DATASET SECTION Block Start
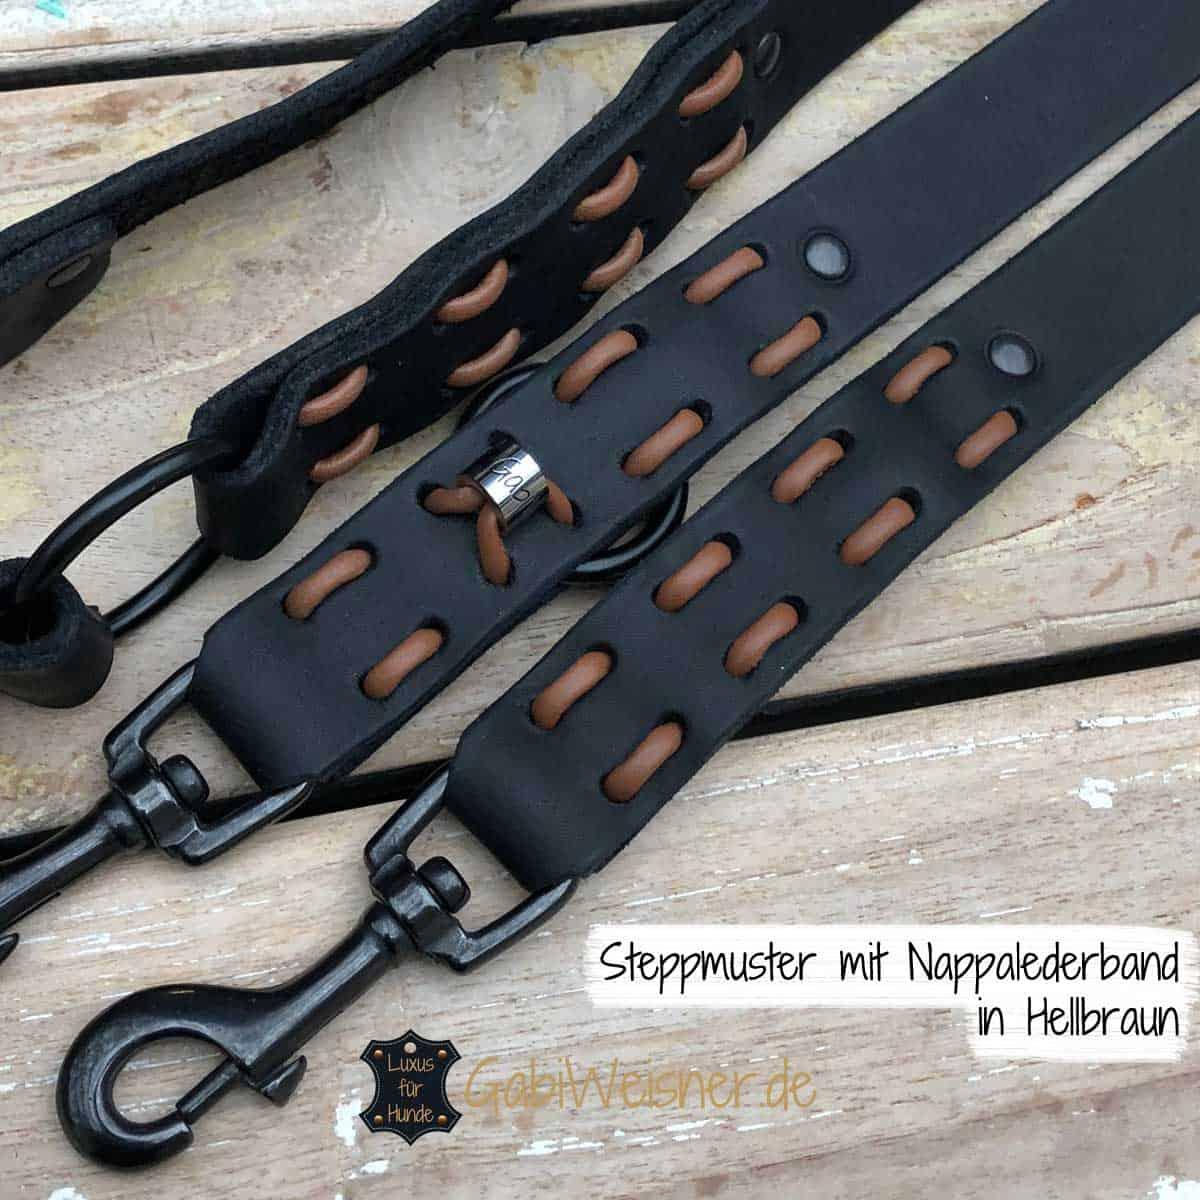 Steppmuster mit Nappalederband in Hellbraun
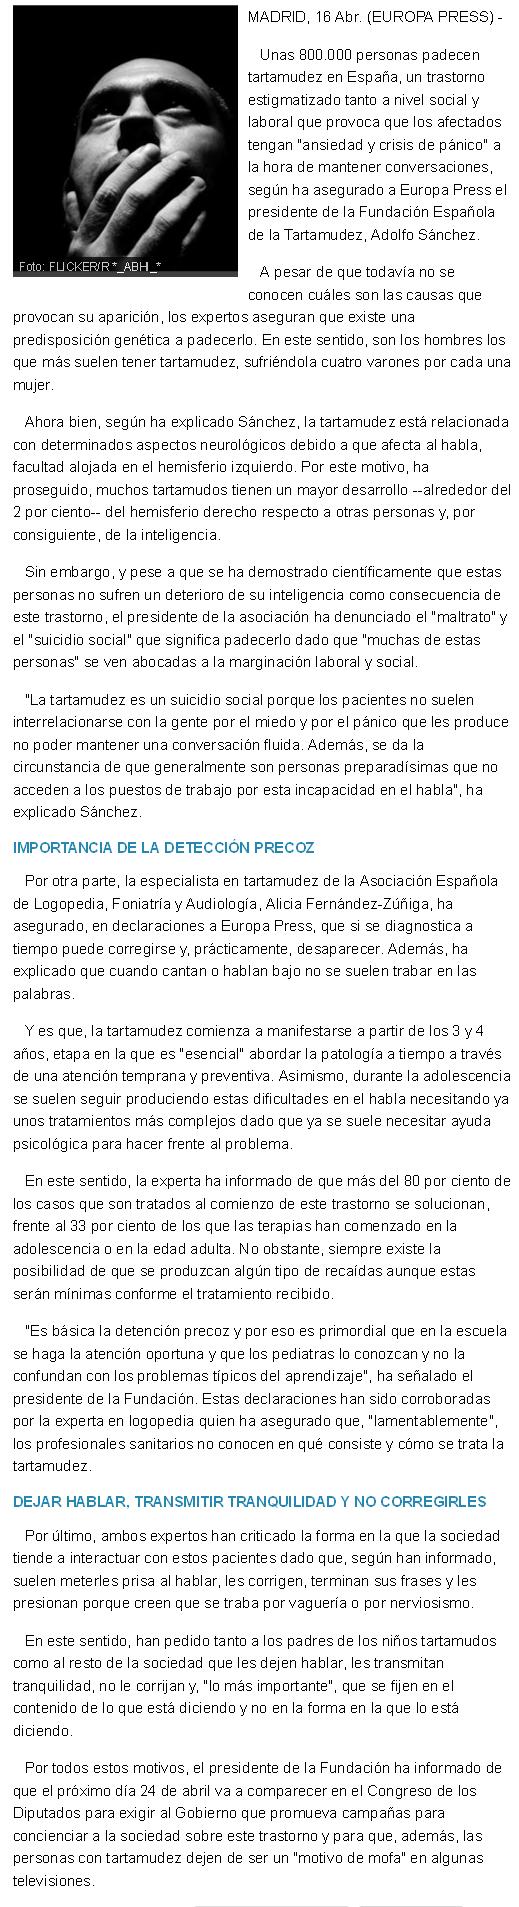 Unas 800.000 personas padecen tartamudez en España
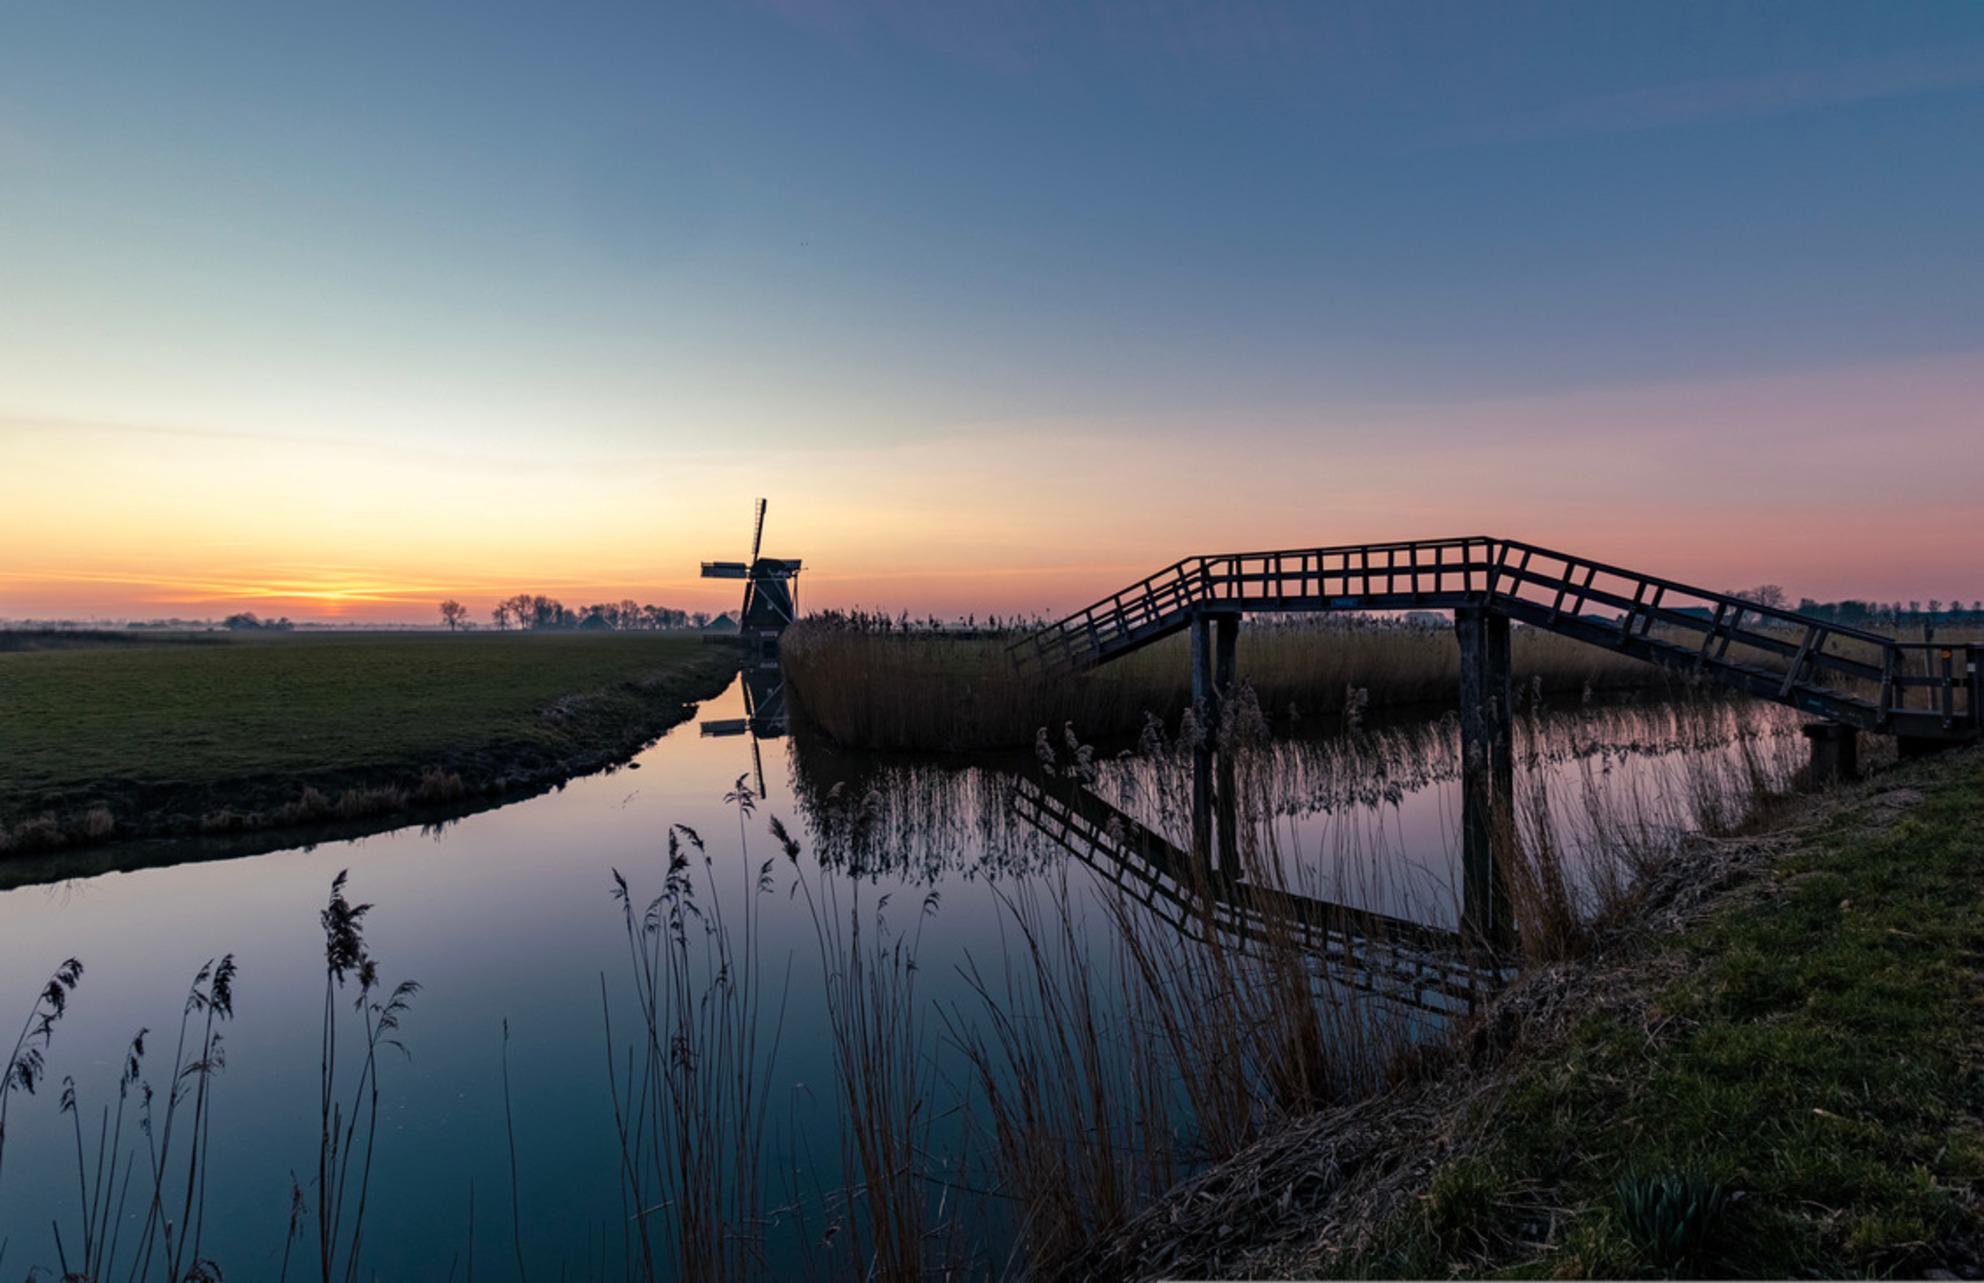 De Zilvermeeuw te Groningen - Geweldige zonsondergang in het mooie hoge groningen! - foto door WilbertHeijkoop op 28-02-2021 - deze foto bevat: wolken, zee, lente, zonsondergang, zomer, molen, nederland - Deze foto mag gebruikt worden in een Zoom.nl publicatie
DATASET SECTION Block End
YOUR TASK
Each line of the data above must be reproduced as written. Skip the pictures.

RESPONSE AREA
 Steppmuster mit Nappalederband in Hellbraun
 Unas 800.000 personas padecen tartamudez en España
 De Zilvermeeuw te Groningen - Geweldige zonsondergang in het mooie hoge groningen! - foto door WilbertHeijkoop op 28-02-2021 - deze foto bevat: wolken, zee, lente, zonsondergang, zomer, molen, nederland - Deze foto mag gebruikt worden in een Zoom.nl publicatie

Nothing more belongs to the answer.